Modernism began at the end of the 19th Century and was influenced
by the new technologies and ideologies that permeated the period
(automobile, airplane, telephone, radio, telegraph, theory of relativity,
theory of evolution, Marxism, and Freud's views about the
unconscious). The result of these influences was that artists felt they
no longer had to adhere to strict conventions of what needed to go into
creating a painting, sculpture, architecture, music, and so on. In other
words, "tradition" was no longer a sacred cow. While traditional
art and all tradition, for that matter, emphasized the importance of
continuity -- that is, one generation should more or less maintain the
same standards and practices of the previous ones, modernism
suggested art must be investigative, similar to the way new
technologies and ideas were investigations, so that the arts and what
artists did could now be greatly expanded -- basically to art became
'whatever you could get away with.'

Postmodernism was a response to decades of modernist art.

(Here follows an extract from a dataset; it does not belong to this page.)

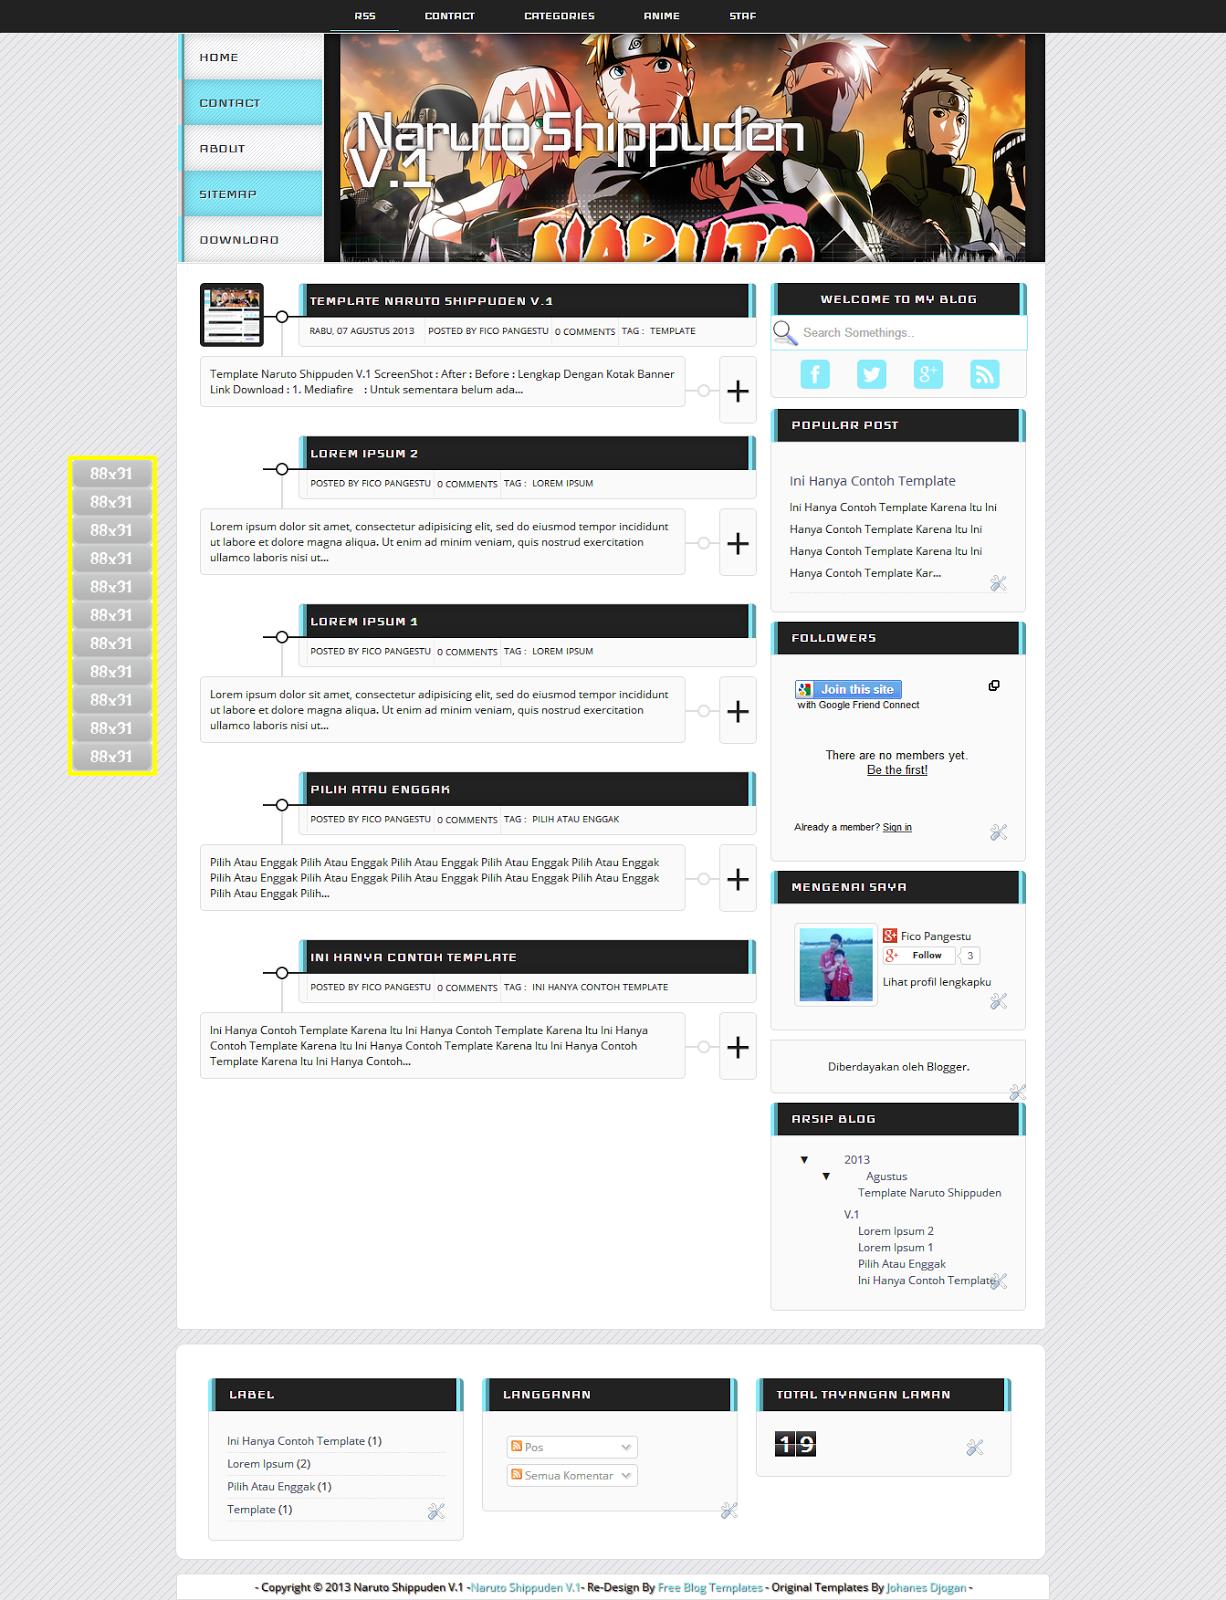 Download Template : Naruto Shippuden V.1 | OPEN SHARE TEMPLATE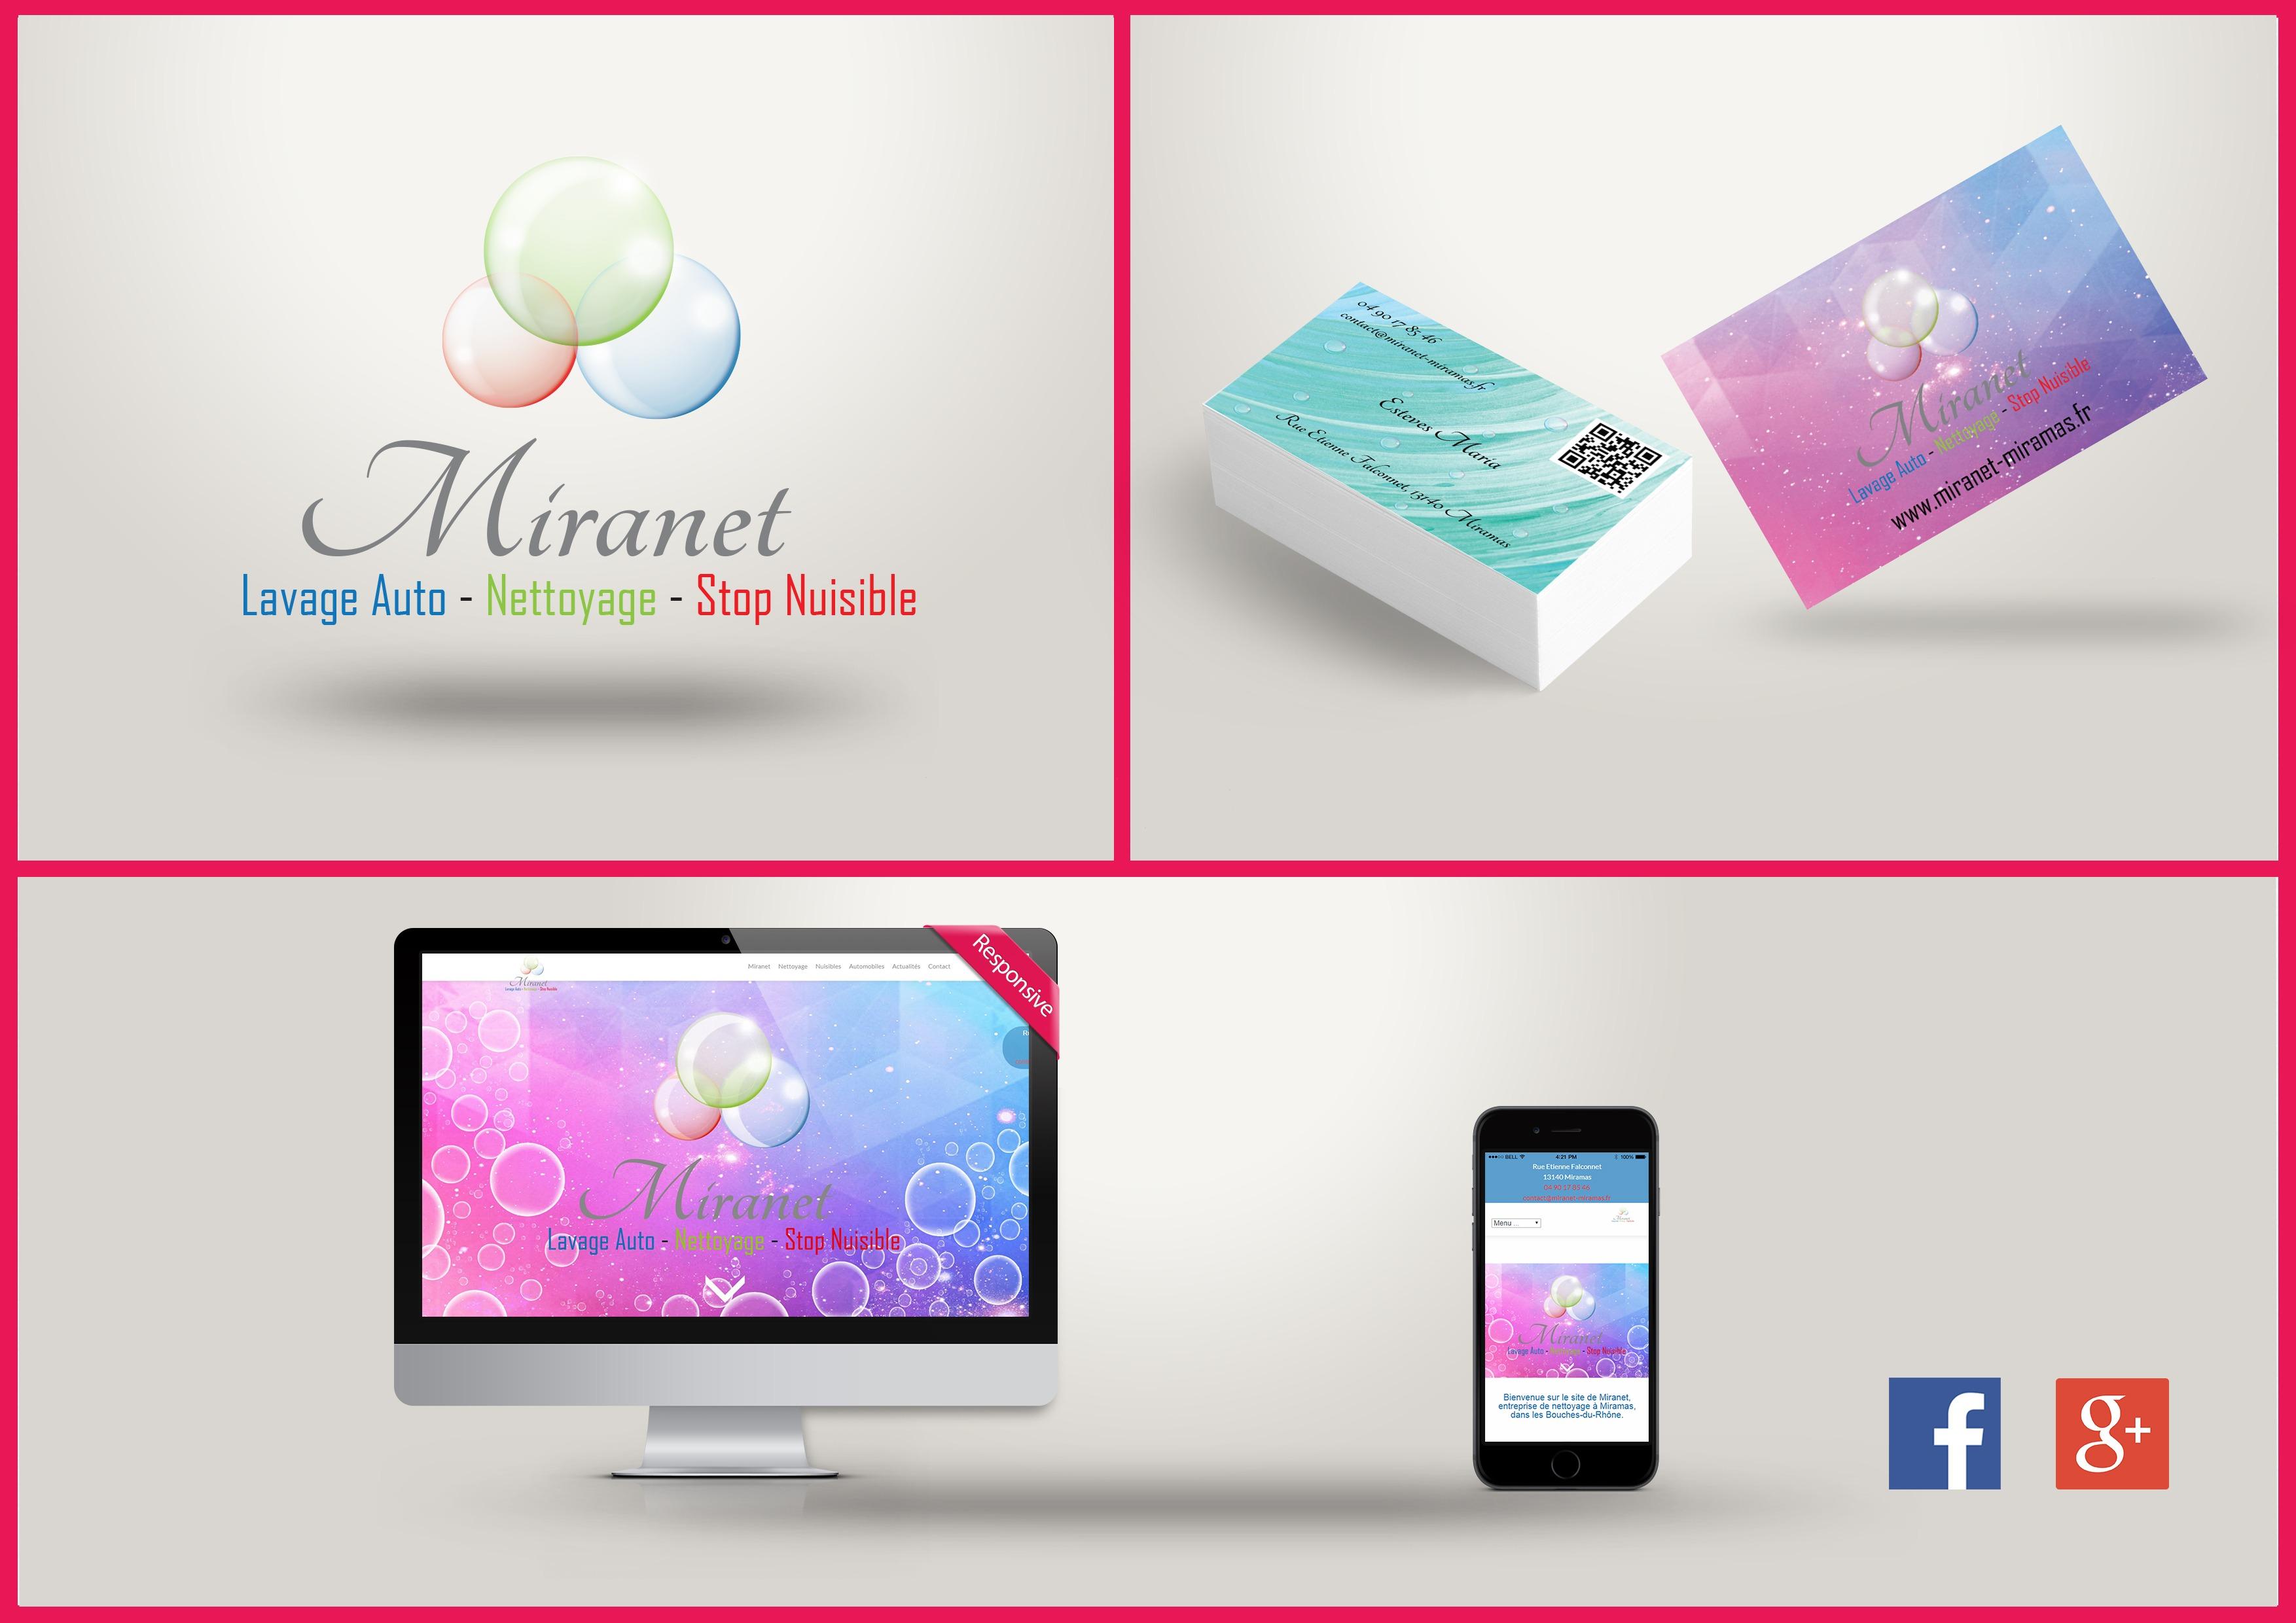 Miranet

What postmodernism asserted (during the second half of the 20th
Century) was that there were no new ideas or forms to be found in art,
as 100 years of experimentation were enough to explore new forms, so
that creating something "new" or "modern" would simply be a benign
and insignificant variation of something that was already investigated
or created. Thus, postmodernist critics claimed newness was
"exhausted." They did claim, however, that the next logical
progression in the arts and for the activity of artists was to
borrow, combine, refer to, imitate, comment on, etc., previous
works of art. So, postmodern artists should no longer seek
entirely new means
of creating art, but artwork would now become an
investigation of what was already new. A secondary idea of
postmodernism is/was that the creator or artist should no longer be
considered as being "creative." Rather, creativity was a natural aspect
of being, so that an artist, if she/he tuned into this vast pulse of
creativity, would be more of a vehicle for transmitting principles of art.